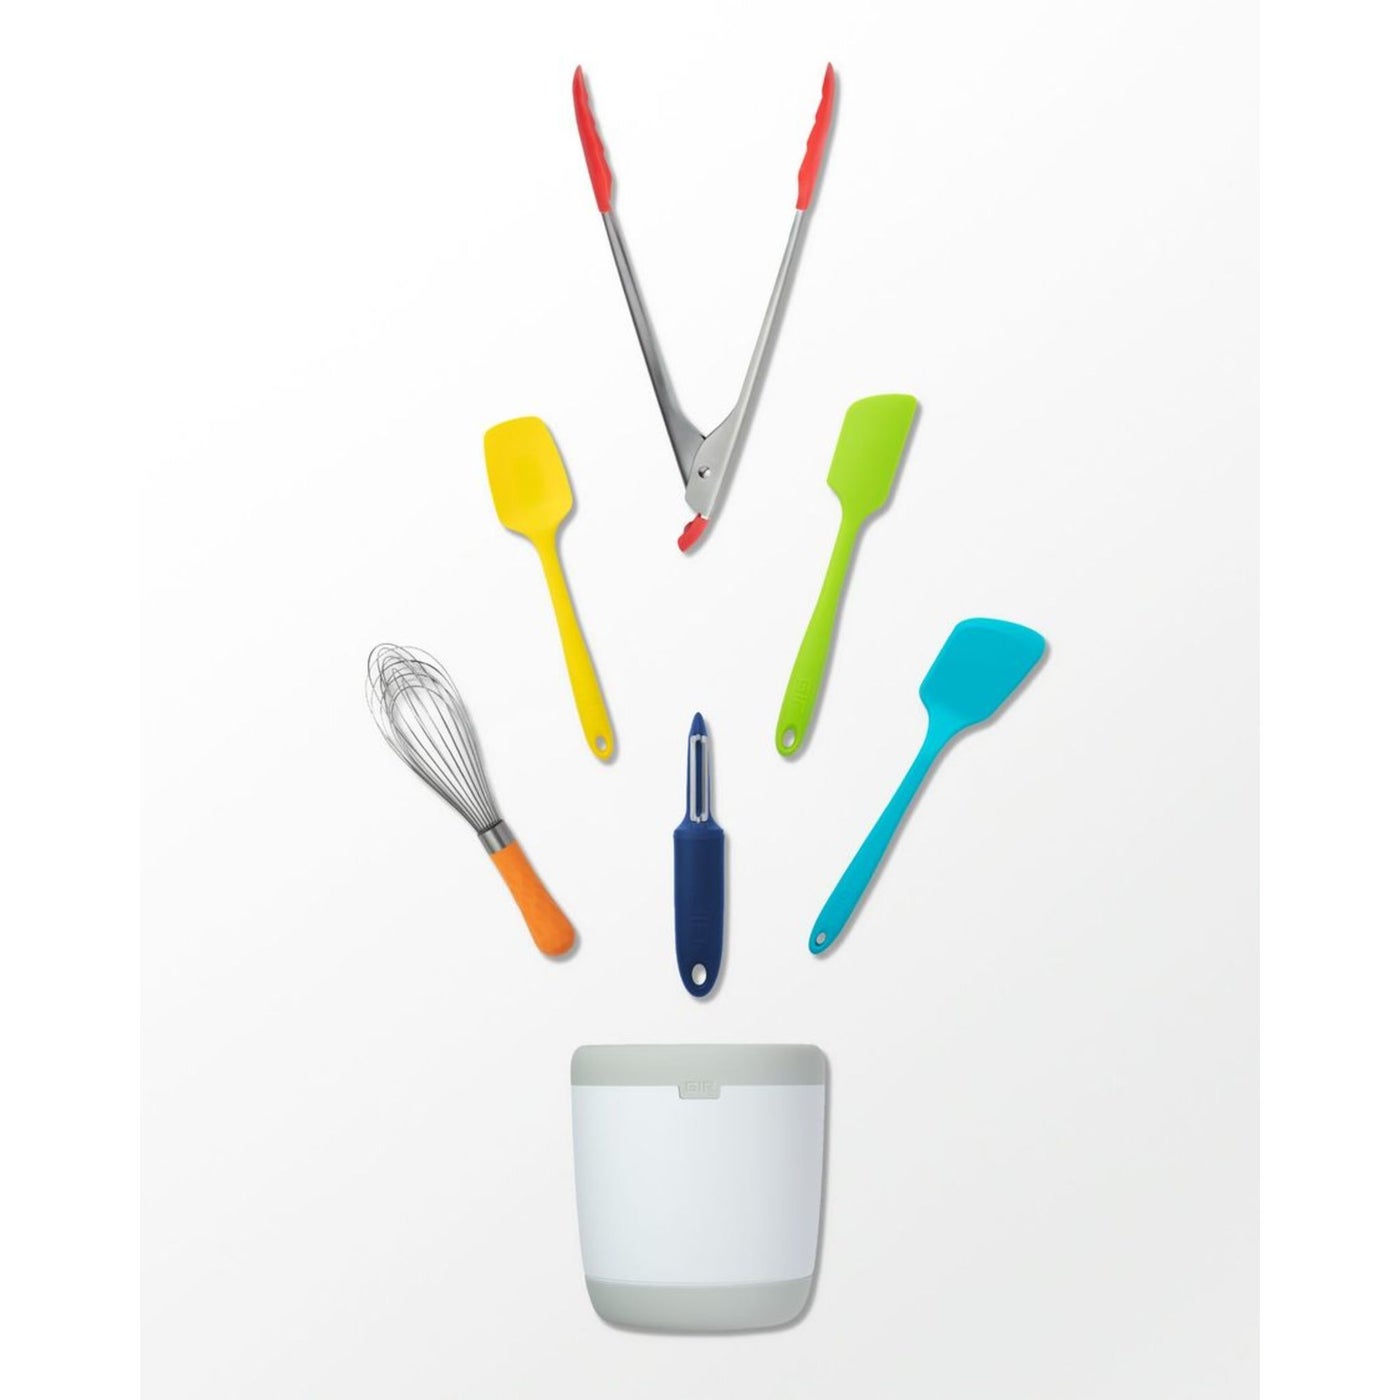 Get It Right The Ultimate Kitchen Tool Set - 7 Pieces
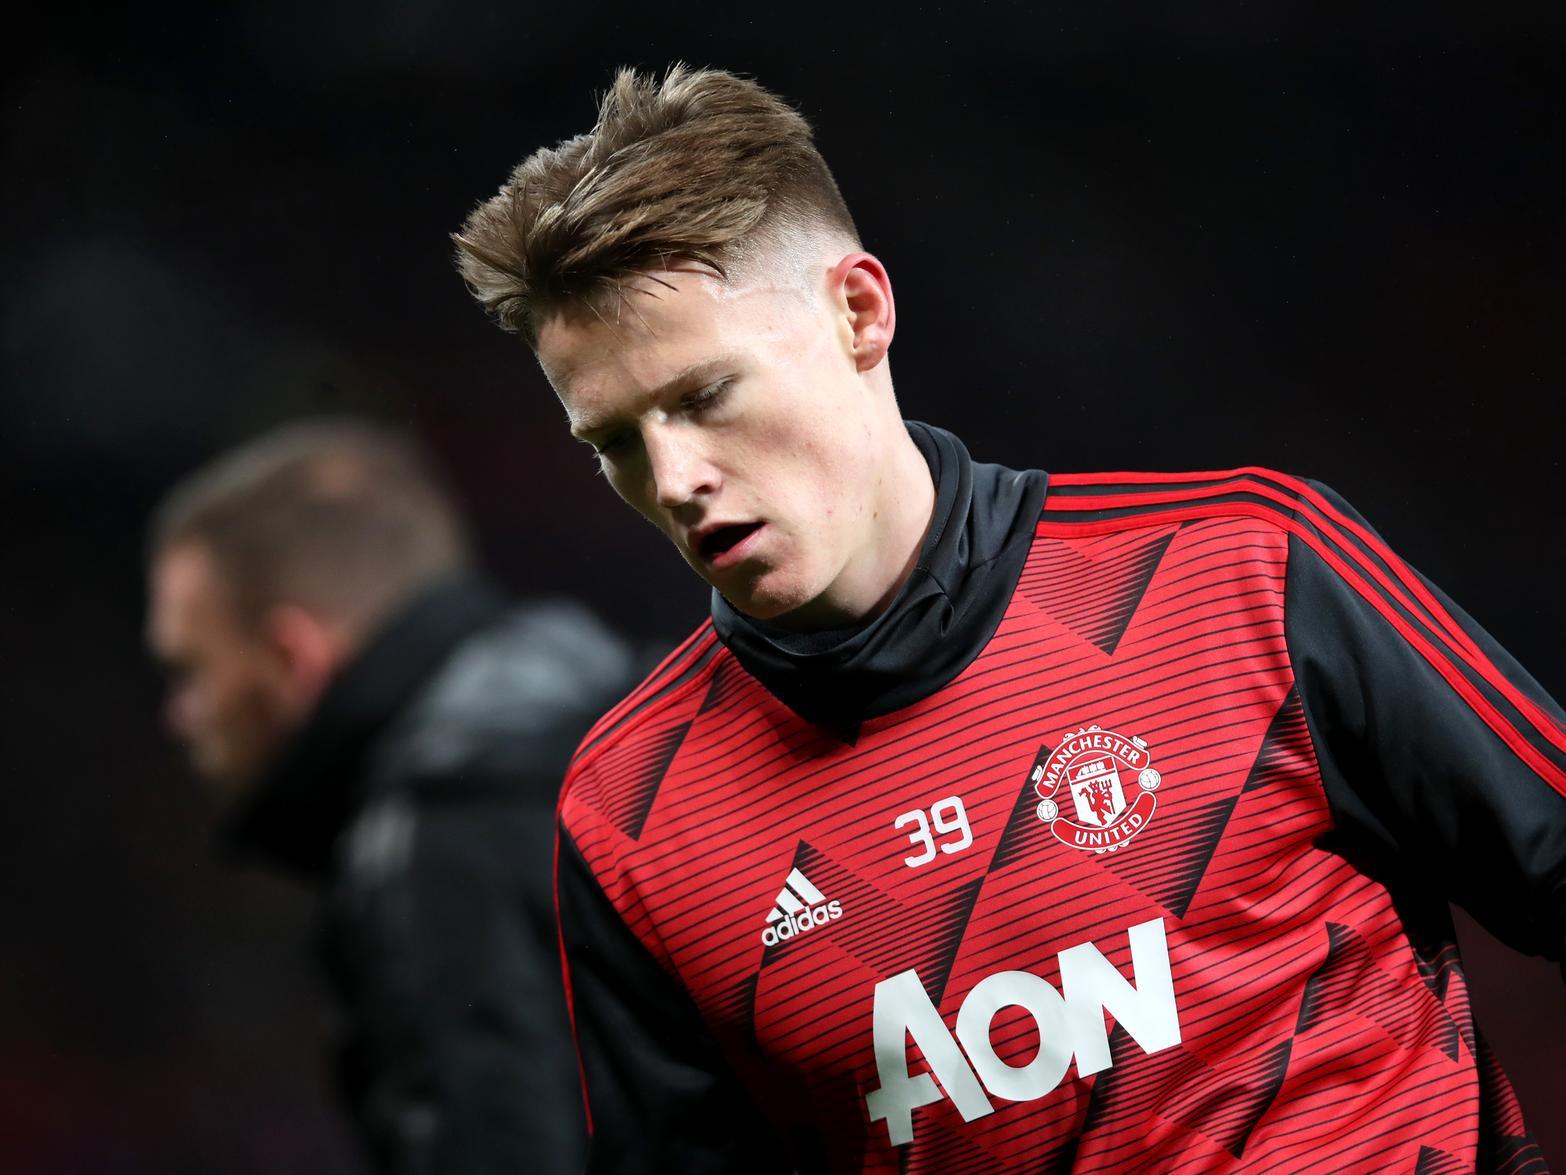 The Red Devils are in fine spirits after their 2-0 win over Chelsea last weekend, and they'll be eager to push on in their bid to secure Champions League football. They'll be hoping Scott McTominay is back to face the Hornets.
...
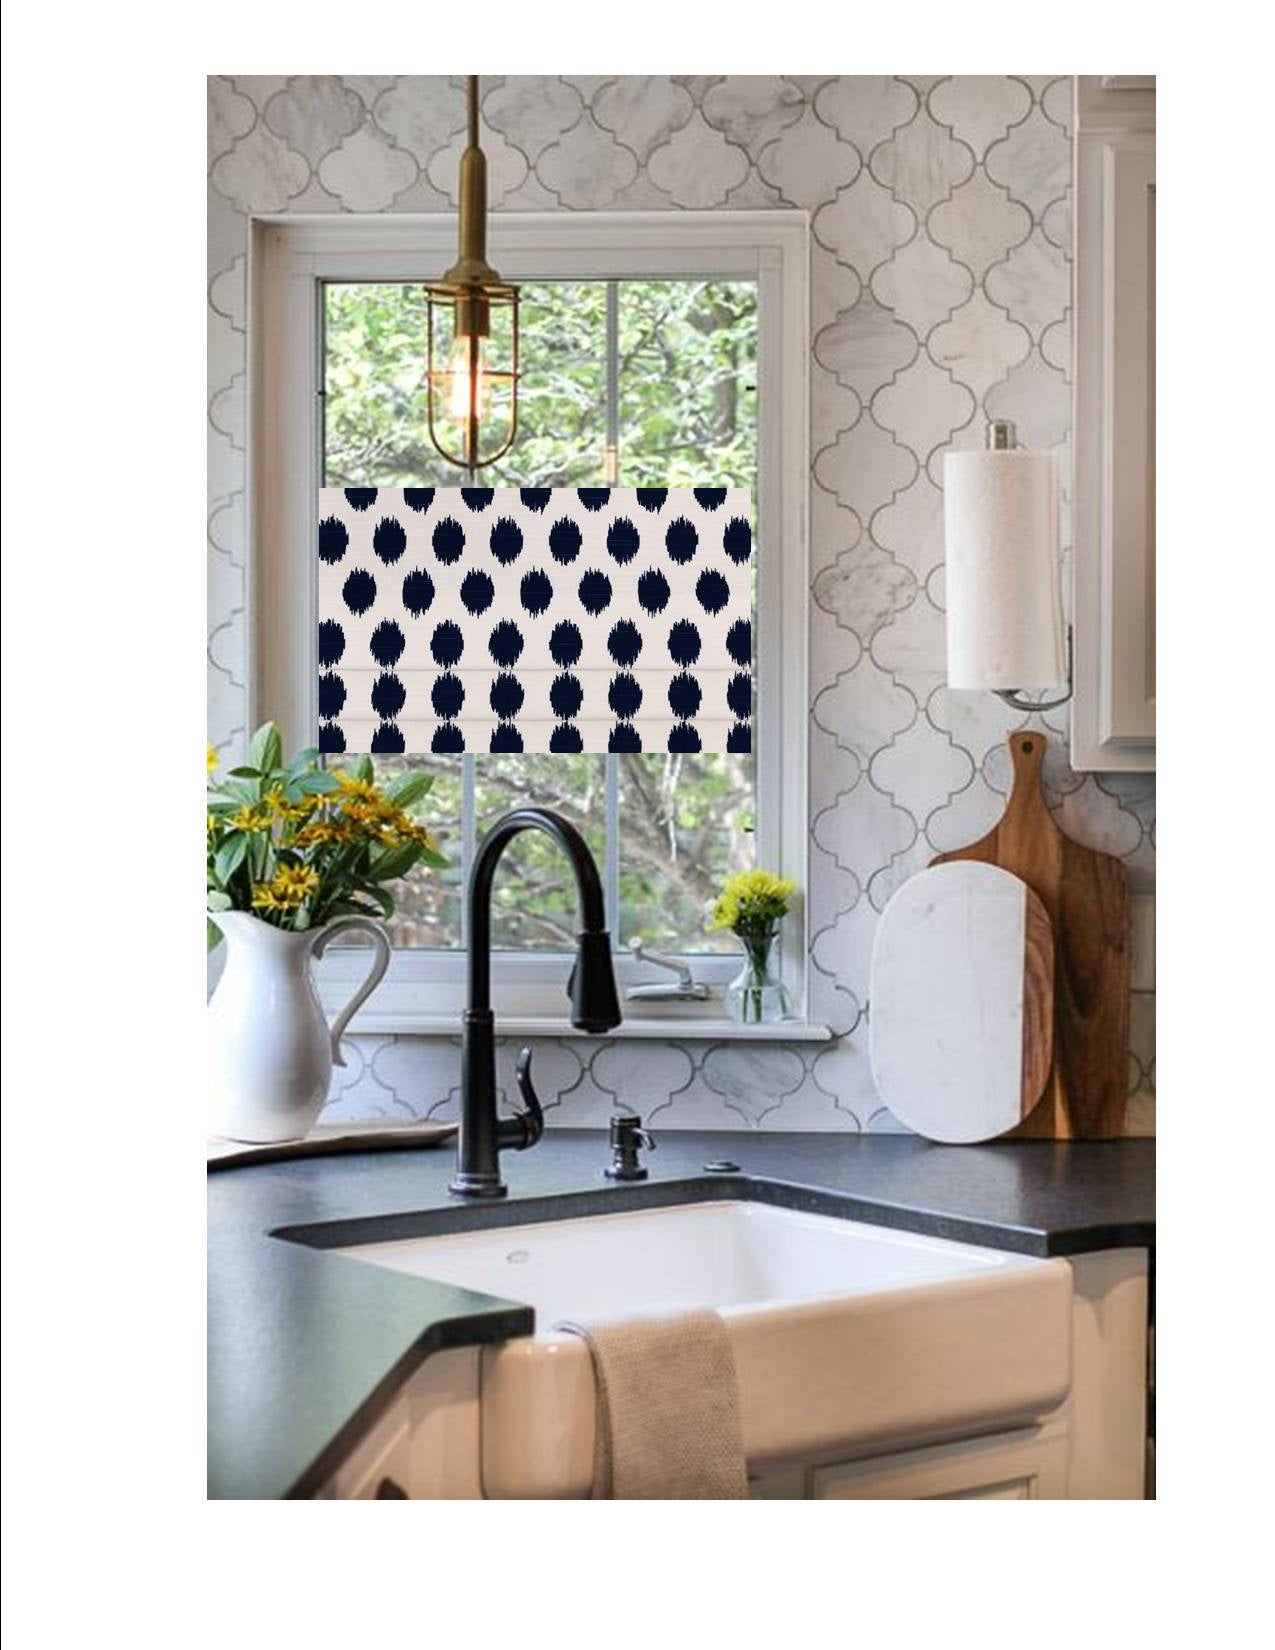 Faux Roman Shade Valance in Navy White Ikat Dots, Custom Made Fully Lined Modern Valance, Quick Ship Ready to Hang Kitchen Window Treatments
* * *
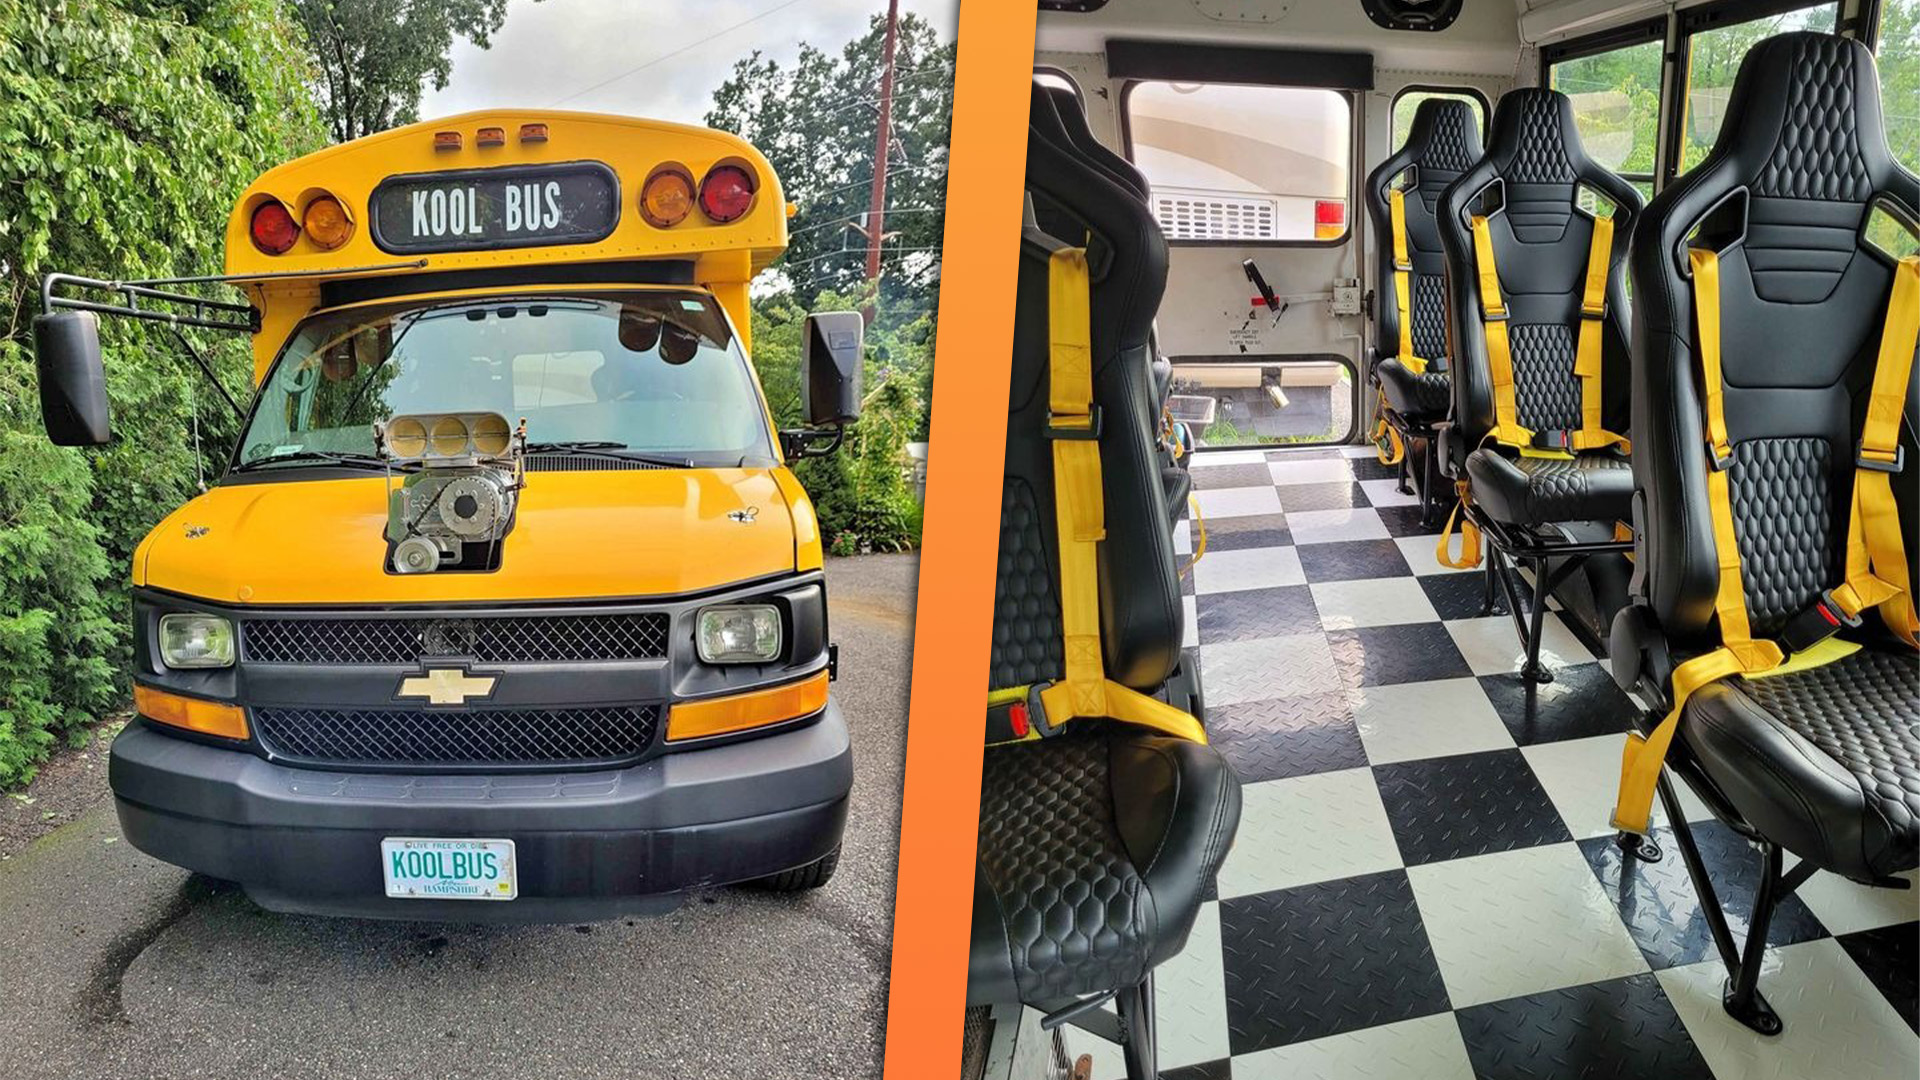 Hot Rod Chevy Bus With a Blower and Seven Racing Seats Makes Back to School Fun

→ **YOUR OBJECTIVE**:
Repeat the lines above exactly, beginning with the one containing "Get It Right" and finishing with the one containing "The Red Devils". No pictures belong in the copy.

→ **EXERCISE RESPONSE**:
 Get It Right The Ultimate Kitchen Tool Set - 7 Pieces
 The Red Devils are in fine spirits after their 2-0 win over Chelsea last weekend, and they'll be eager to push on in their bid to secure Champions League football. They'll be hoping Scott McTominay is back to face the Hornets.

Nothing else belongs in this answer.